Default sharing mode is now with sharing
Prior to v67.0, a class without an explicit sharing declaration
defaulted to without sharing, bypassing all record-level sharing
rules. In v67.0 and later, the default flips to with sharing.
Queries in undeclared classes now enforce the running user’s sharing
rules. If a query previously returned 10,000 records but the running
user can only see 200, upgrading that class to v67.0 will silently
return 200 records instead.
The fix is simple: add explicit sharing declarations to every class before upgrading.
WITH SECURITY_ENFORCED is removed
The WITH SECURITY_ENFORCED SOQL clause is removed in API v67.0.
Any class using it will fail to compile.
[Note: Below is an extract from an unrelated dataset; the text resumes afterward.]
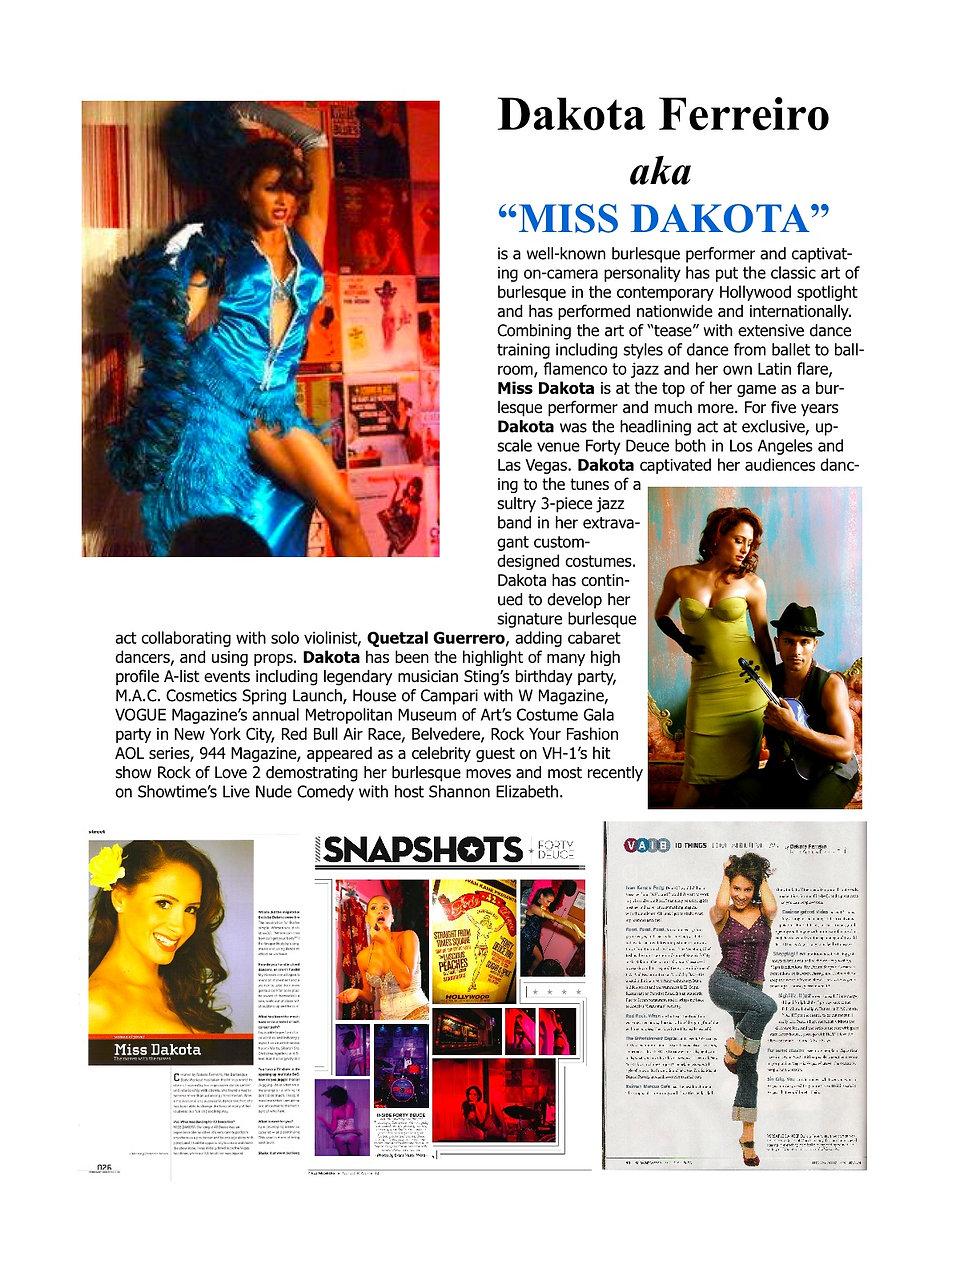 Dkta Press Kit '10-bio.jpg

Its replacement is
WITH USER_MODE.
// Removed in API v67.0 — will not compile
List<Account> accs = [SELECT Id FROM Account WITH SECURITY_ENFORCED];
// Correct replacement
List<Account> accs = [SELECT Id FROM Account WITH USER_MODE];
Database operations default to user mode
In v67.0, all SOQL, SOSL, DML, and Database class methods run in user mode by default. Object permissions and field-level security are enforced automatically. Before upgrading any class to v67.0, audit every SOQL query that accesses sensitive or restricted fields and test under a restricted user profile.
Checklist before you hit a limit
- Are all SOQL queries and DML statements outside every loop?
- Are you using Maps for record lookups instead of nested loops with queries?
- Have you called
Limits.getQueries()in utility classes that may be called from multiple contexts? - For datasets above 50,000 records, are you using Apex Cursors?
- For any class upgrading to API v67.0, have you added explicit sharing declarations and replaced
WITH SECURITY_ENFORCEDwithWITH USER_MODE?
Governor limits are not obstacles — they are design feedback. When your code hits a limit, it is telling you something about the architecture. Treating limits as constraints that shape good design rather than walls to be worked around consistently produces cleaner, more scalable code.